Let’s take a closer look at the family tree primitives. The primitives can be distinguished by three properties:

1) Generation: upstream primitives are inspected and applied to the first generation associated with a root category, downstream primitives are only accessed if the root category was found as an entry in a primitive with offspring (whether in its own family tree or some other family tree), and thus may even potentially be applied for multiple generations after the first.

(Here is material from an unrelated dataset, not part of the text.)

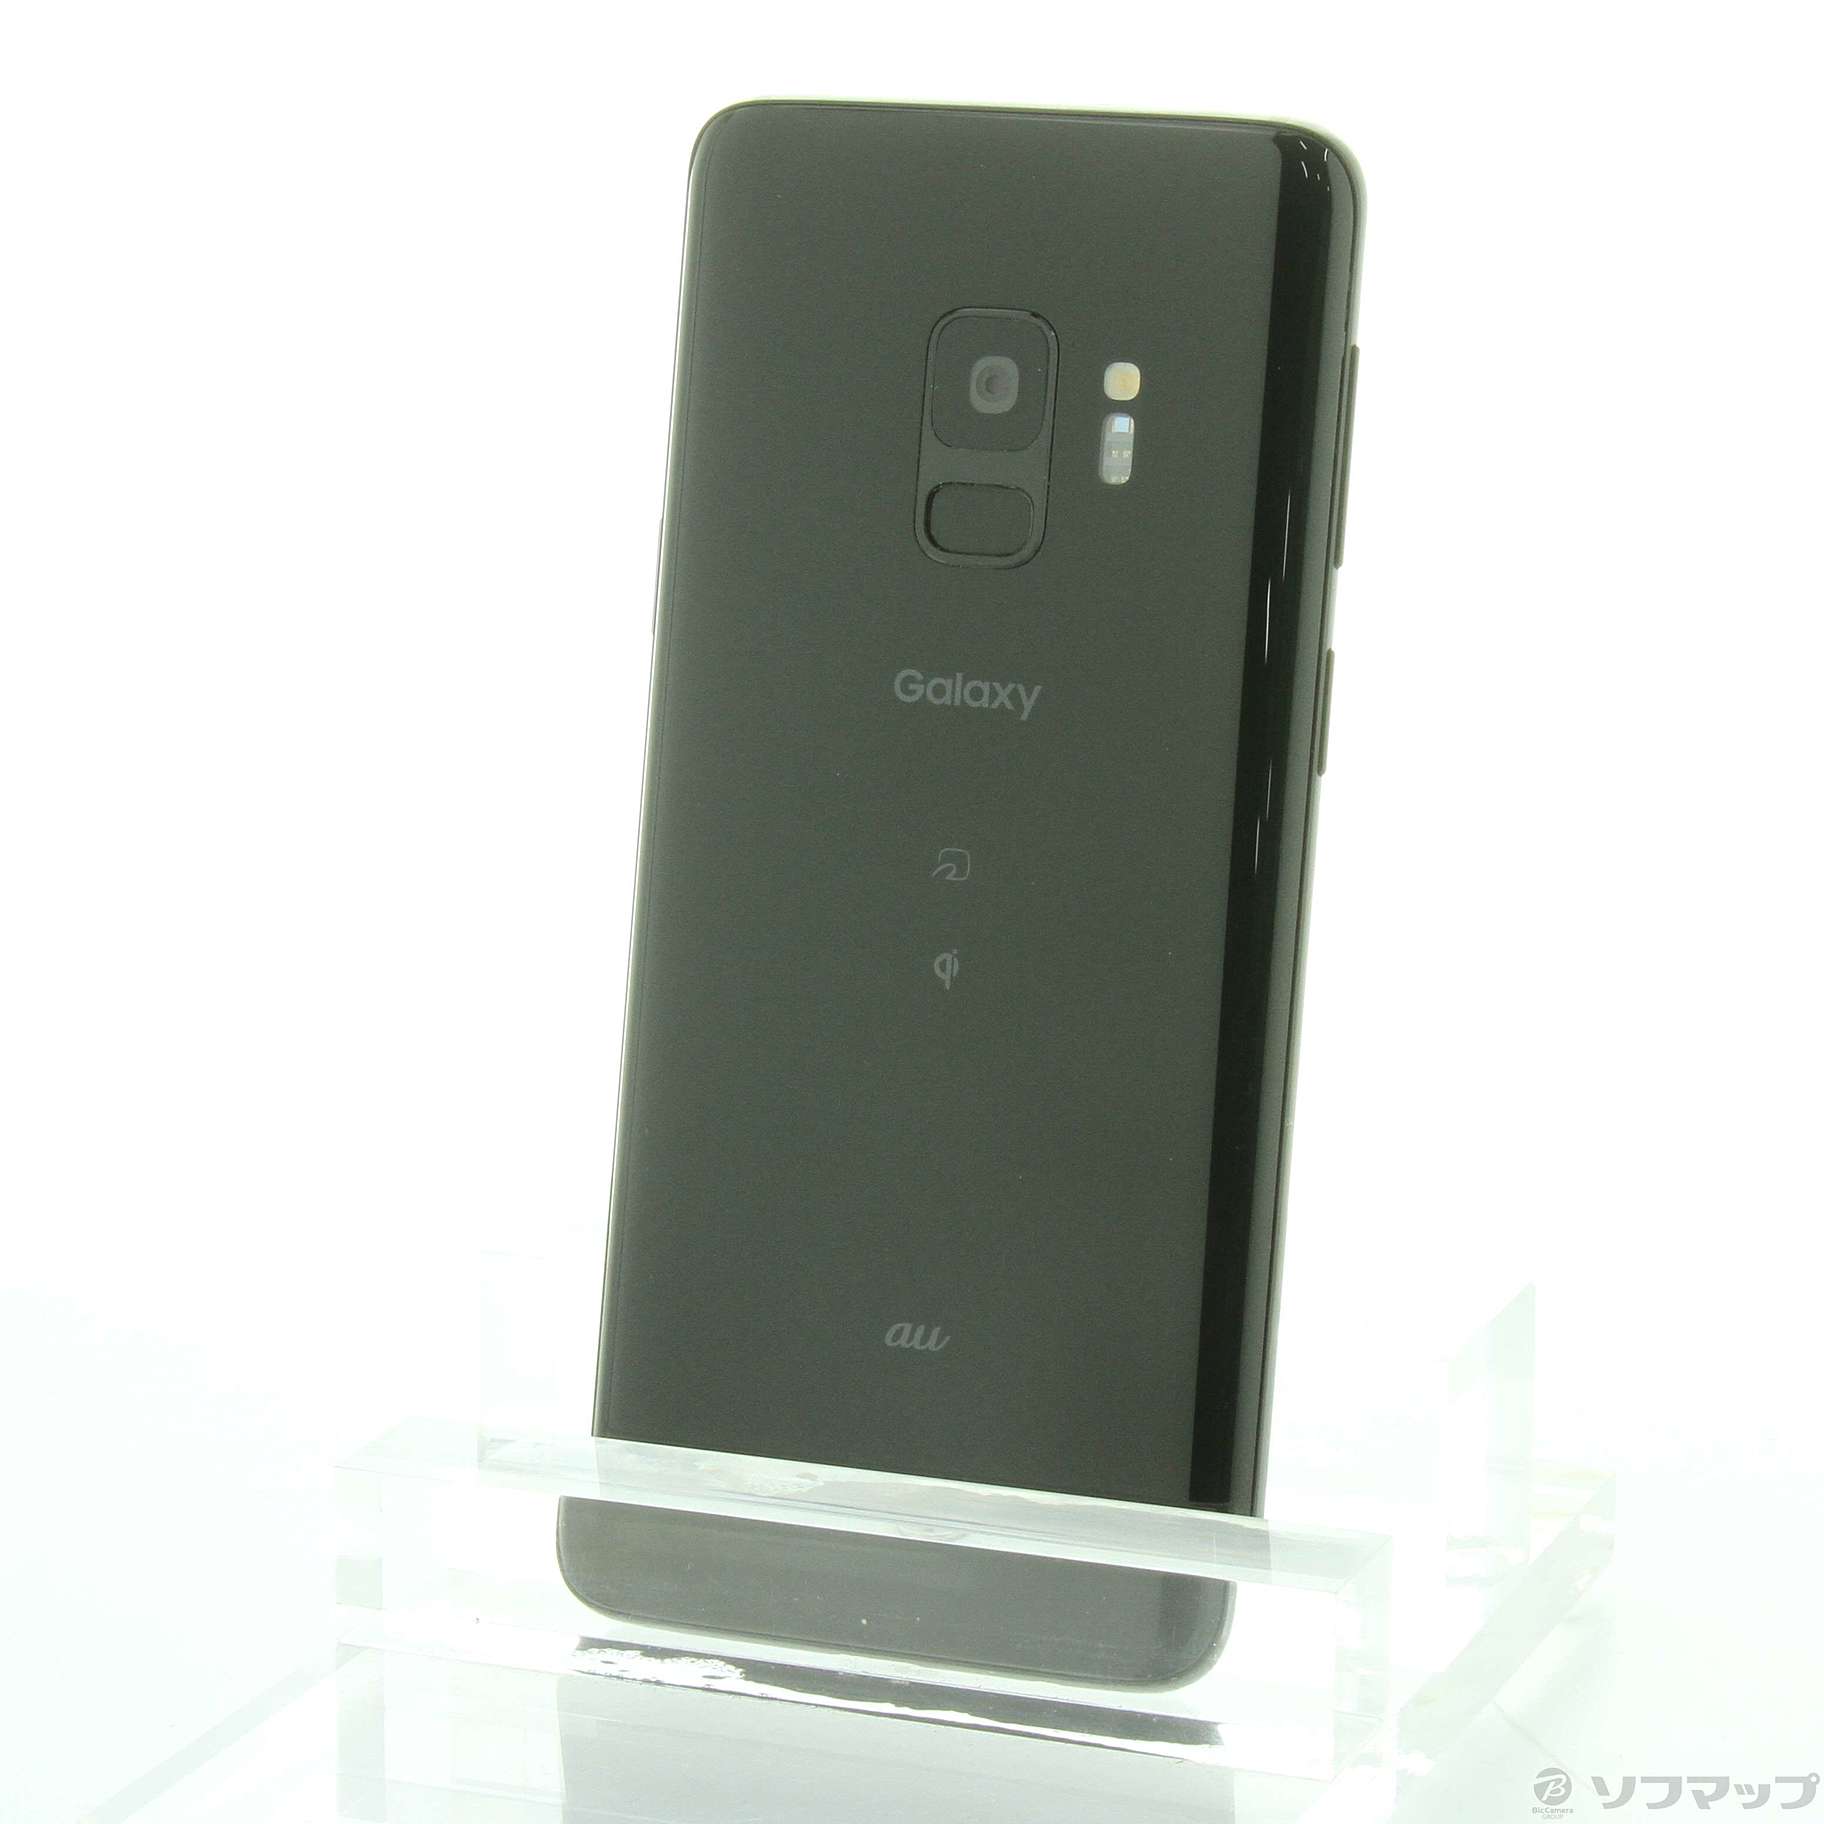 SIMフリー Galaxy S9 SCV38 ブラック

2) Action: there is a distinction between replacement and supplement. Replacement simply means that at completion of a generation, if a replacement primitive was found, the source column will be removed (which source column may be the returned column from a prior generation or for the first tier of transforms the original column of the passed data). Note that the presence of a replacement primitive in a generation overrides any supplement primitives, so even if a single replacement primitive is found along with supplement primitives the source column will still be removed.

3) Offspring: the downstream offspring refers to the distinction of whether an additional generation will be performed after completion of a primitive entry’s transformation. Category entries to a primitive with offspring have their own family trees inspected for presence of downstream primitive entries.

Let’s take a closer look at a few more advanced derivations to demonstrate.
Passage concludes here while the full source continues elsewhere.